I upgraded my iBook to the latest version of Mac OS X, 10.3 or ‘Panther.’ It went almost without incident, although I did regret not having deselected the more obscure language options as I watched it installing support to run the interface in Norwegian, Traditional Chinese, and a list of other languages that I can’t read. It was a waste of disk space and, more importantly, time.

Be that as it may, it worked in the end.

The big new feature, ‘Exposé,’ is fantastic. It’s a clever way by which, at the press of a key, all the windows on screen are shown shrunken and side by side, allowing you to pick the one you want. The way that the windows are tesselated together to fit the screen is graphically and technically elegant, while using the graphics hardware to scale and render windows ensures that it is all executed smoothly and rapidly. It’s hard to express quite how useful it, but I’ve used scores of times in just one day.

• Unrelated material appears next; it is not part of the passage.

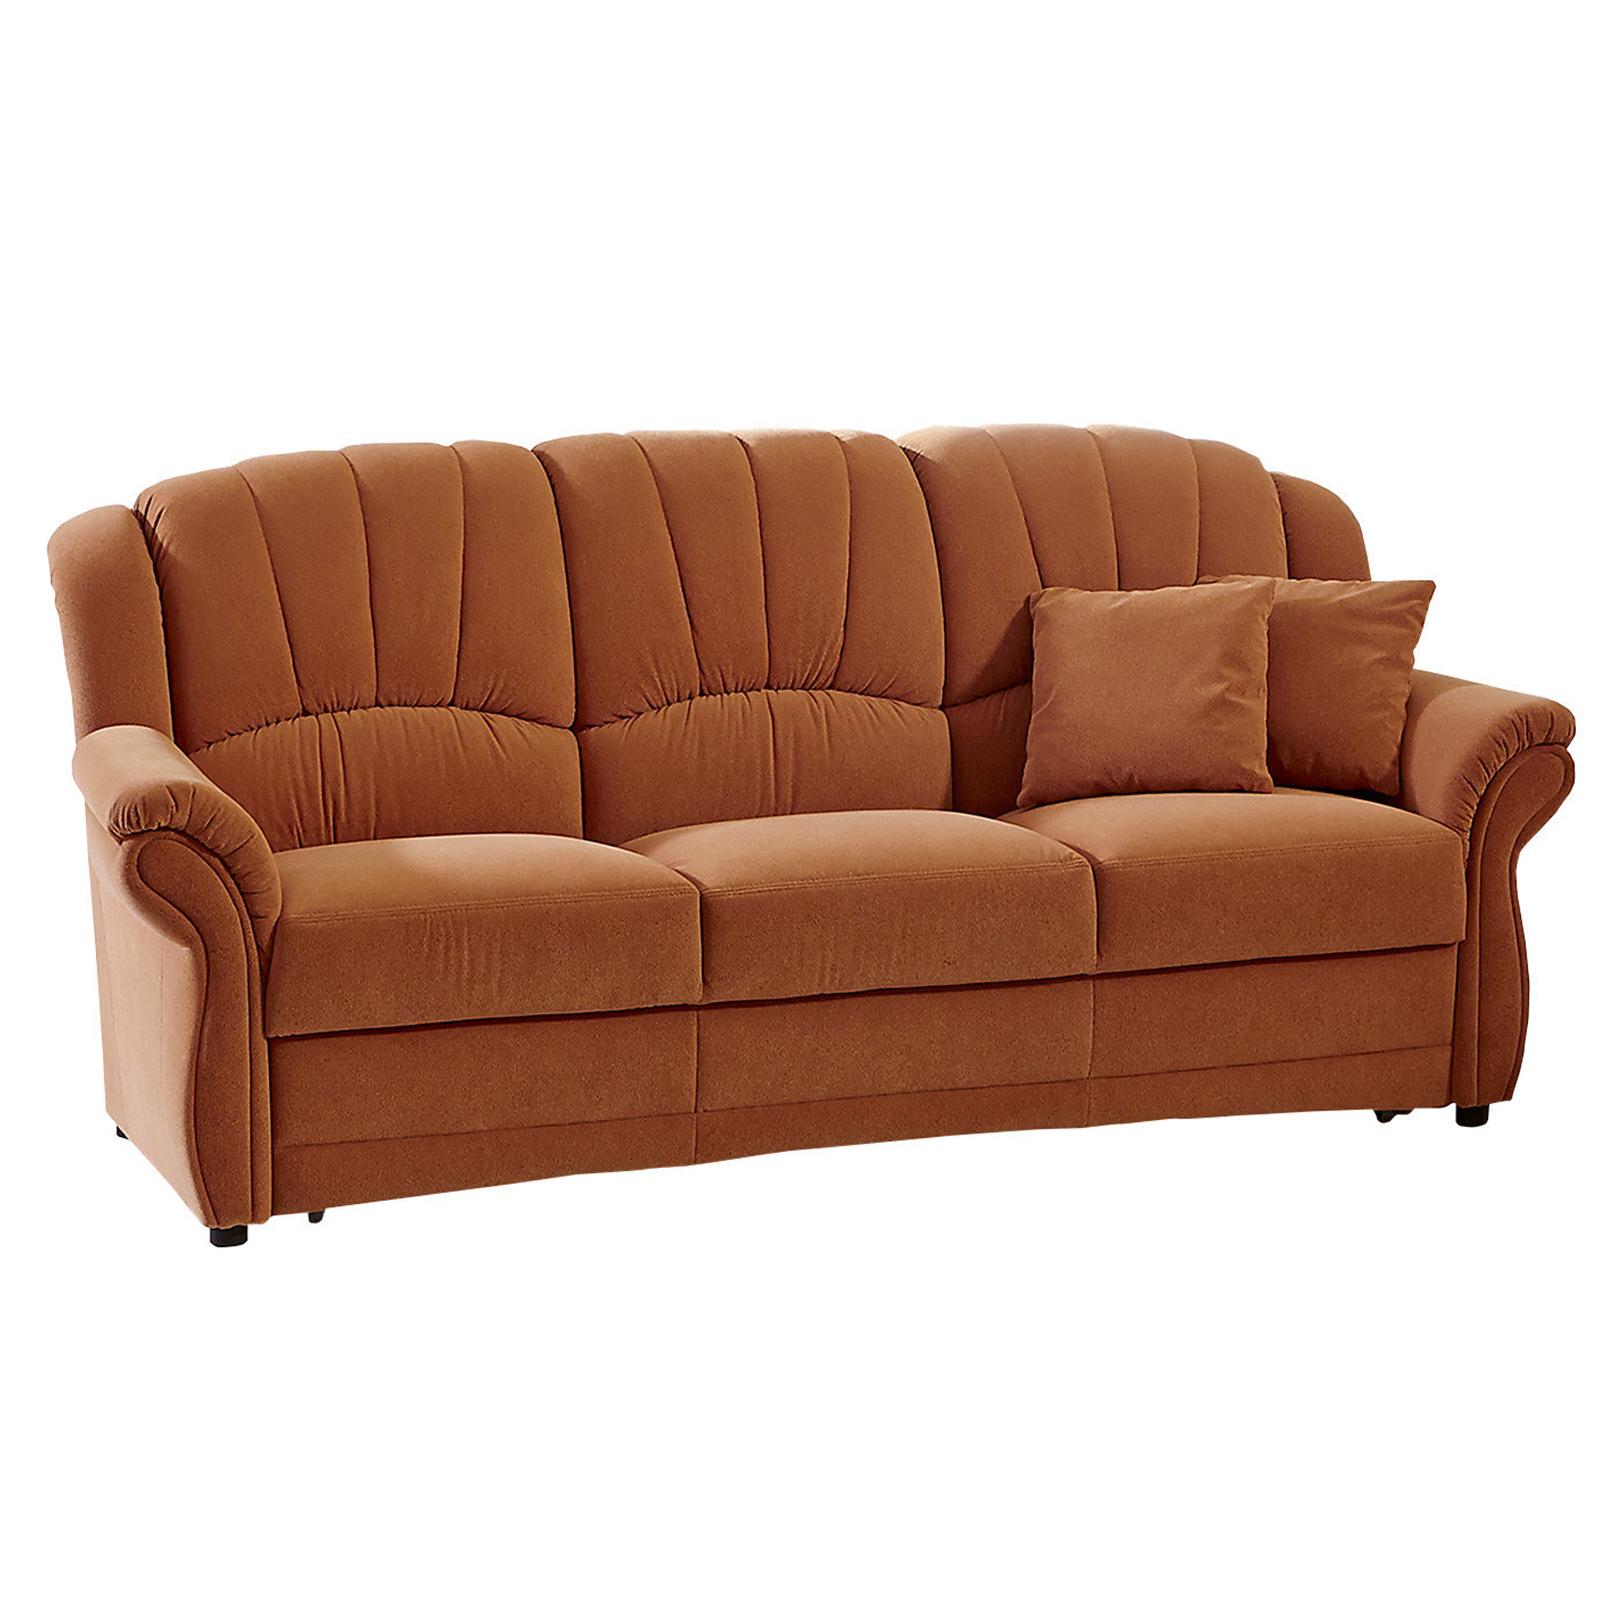 Polster Set 2 Sessel und 3 Sitzer Sofa terra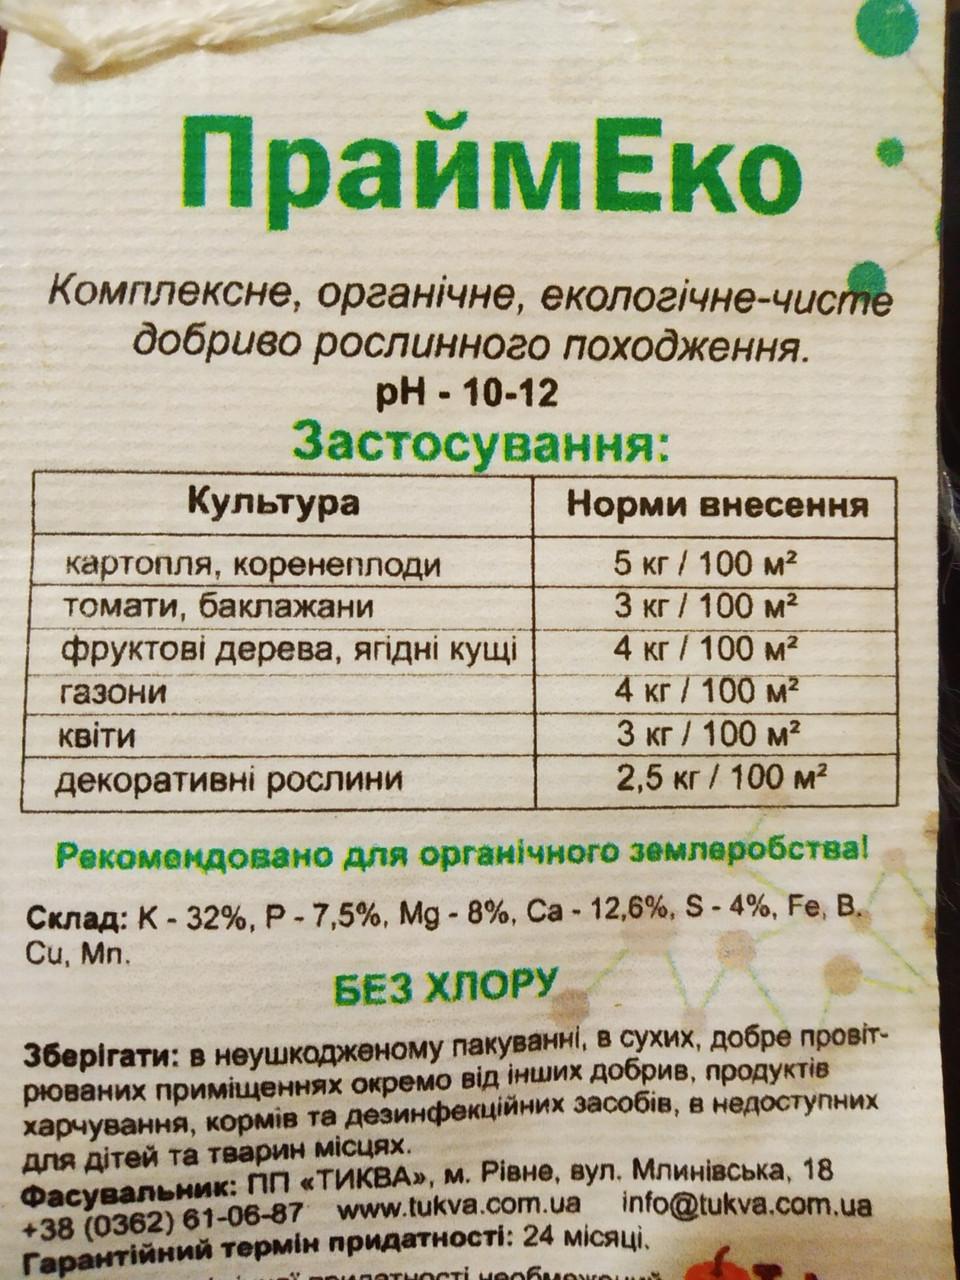 Комплексне універсал рослинна органічне добриво, pH 10-12, ПраймЕко аналог Экопланта, 1 кг, Україна

A more obscure feature, but one that is personally interesting, is the addition of Ainu language support to the Japanese input method. Ainu, briefly, is an aboriginal language of an ethnic group native to northern Japan, principally Hokkaido, most of whose speakers were culturally eliminated by the spread of the Japanese and their culture. (Insert snide comment about how bogus the claimed homogeneity of the Japanese is.)

As an experiment, I switched to Ainu input mode and typed one of the few words in that language that I know, ‘irankarapte’ (‘welcome’). The symbol in the menu bar between the speaker and battery is the symbol for Ainu input.

Typing in Ainu on OS X 10.3

It transpires that Ainu writing is a modified version of Japanese katakana. For example, the isolated ‘p’ consonant, unsayable in Japanese, is rendered by a small ‘pu’ character. There’s a huge chart in the help files that shown how to type every one of the characters or combinations used in Ainu, and there are a lot of them—many more than are used in Japanese.

Although I doubt that I’ll be using it again in the near future, it piqued my interest. It does confirm my growing belief that Mac OS X is the linguist’s operating system par excellence. The level of character support is far in advance of anything else, and I find that the font anti-aliasing makes it much easier to read dense and complex characters.